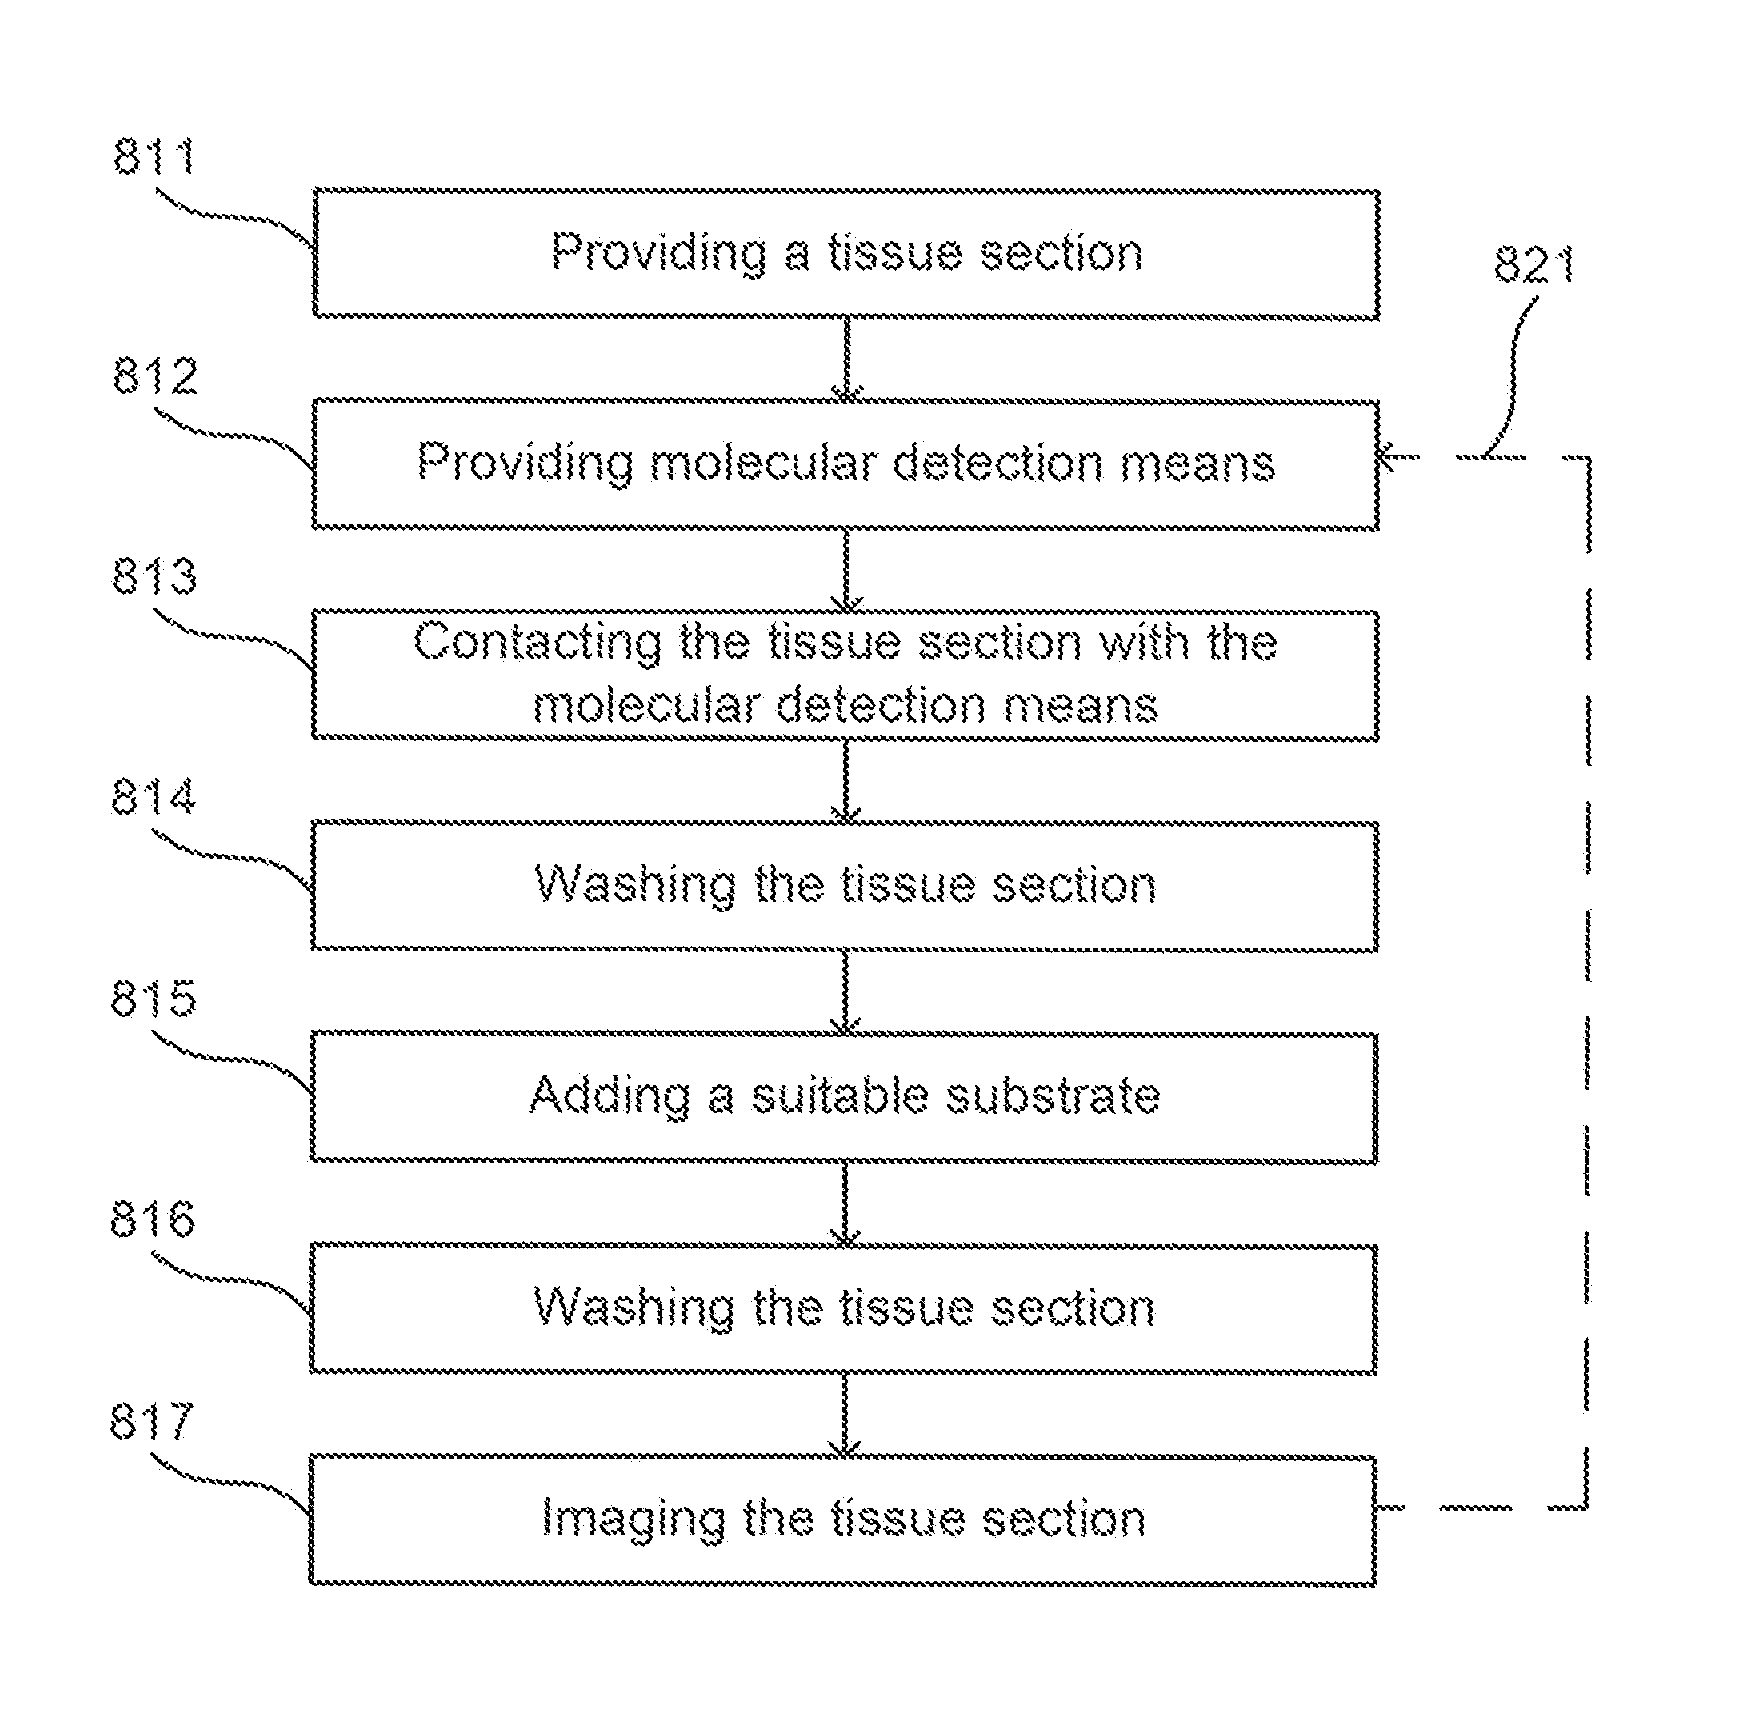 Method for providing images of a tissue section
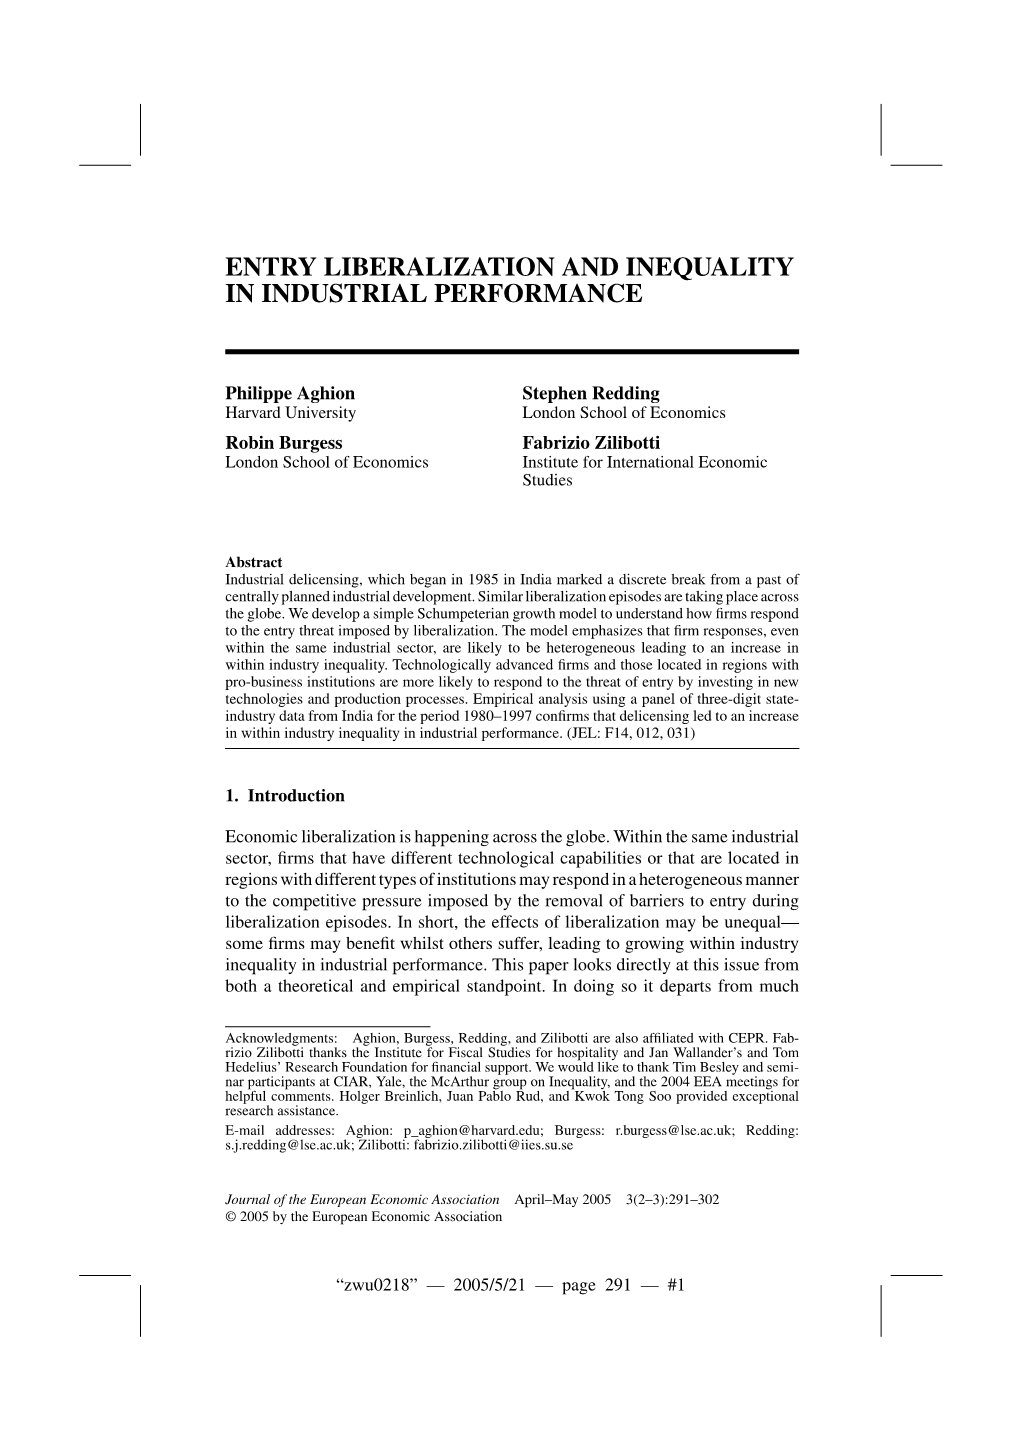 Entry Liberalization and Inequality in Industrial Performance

==

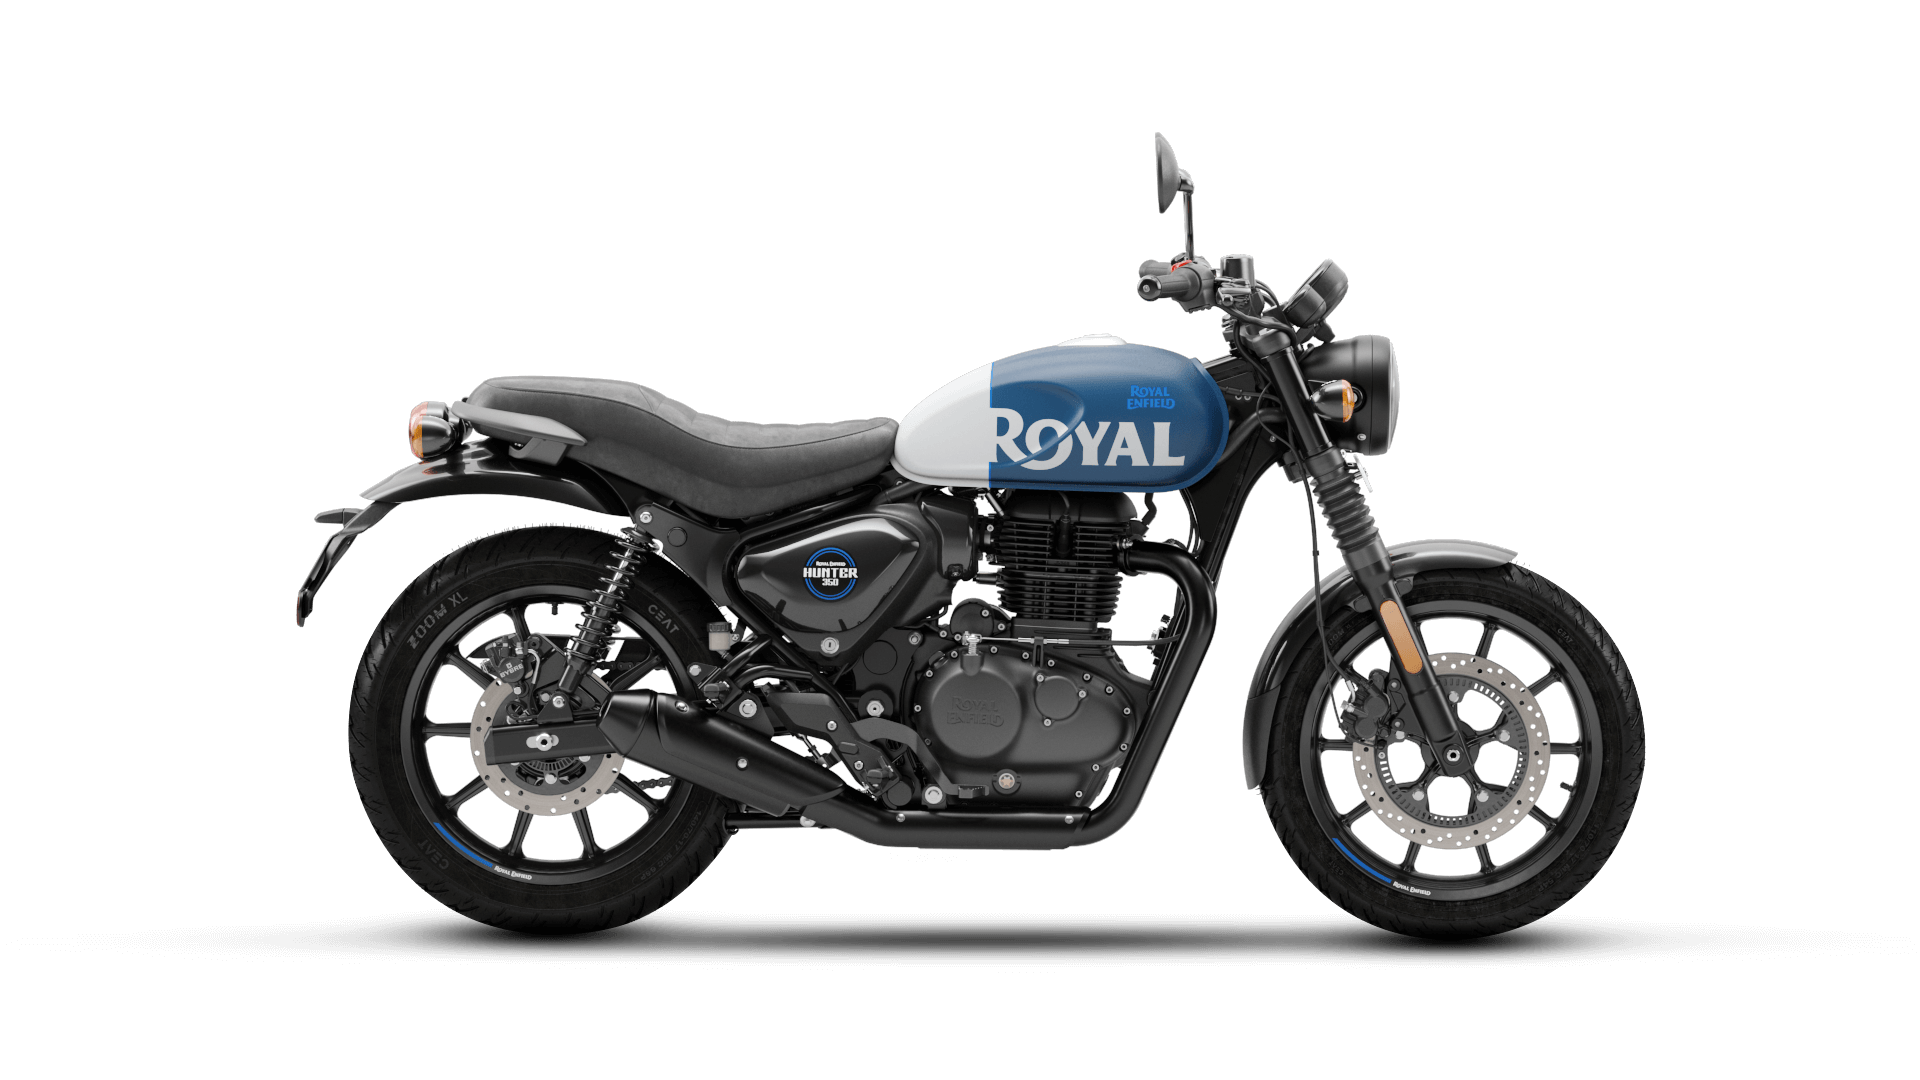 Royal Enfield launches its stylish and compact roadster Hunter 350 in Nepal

* * *

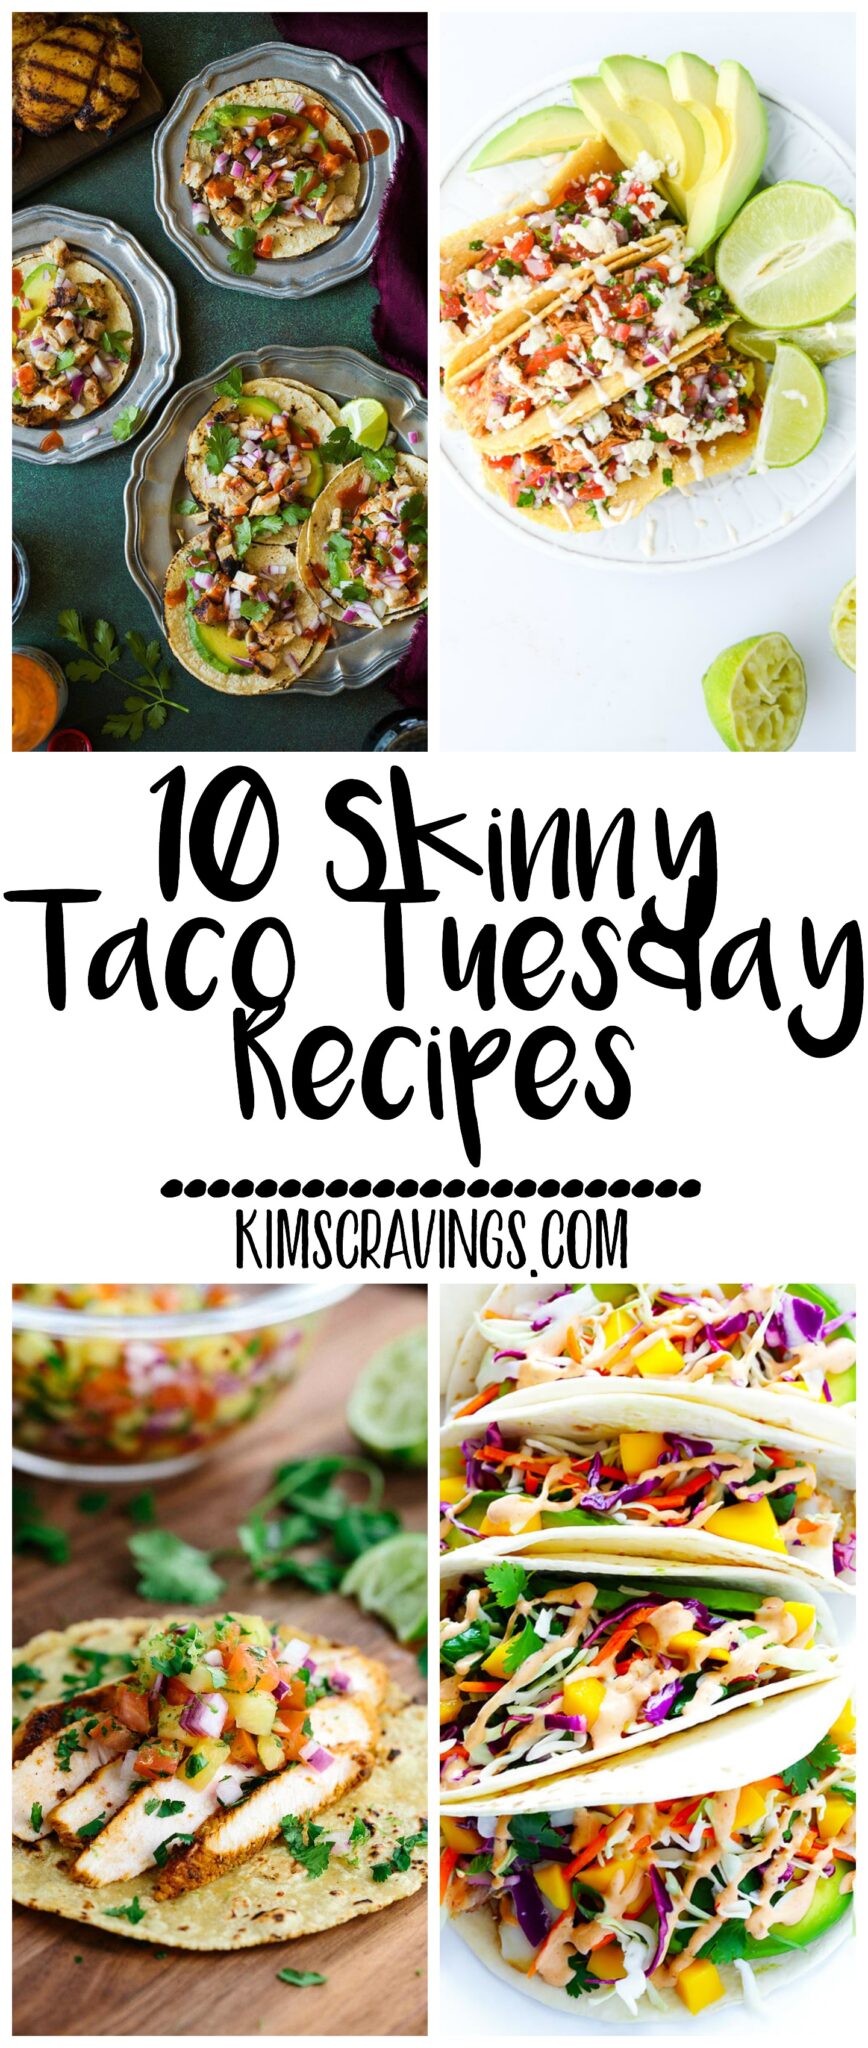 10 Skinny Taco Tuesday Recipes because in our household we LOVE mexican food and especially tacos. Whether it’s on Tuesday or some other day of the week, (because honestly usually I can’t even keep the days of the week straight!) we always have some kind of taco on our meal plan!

TASK GOAL
Reproduce the entries exactly, from the line with "Method for providing" to the line with "Entry Liberalization and", both lines included, keeping no pictures.

ANSWER BOX
 Method for providing images of a tissue section
 Entry Liberalization and Inequality in Industrial Performance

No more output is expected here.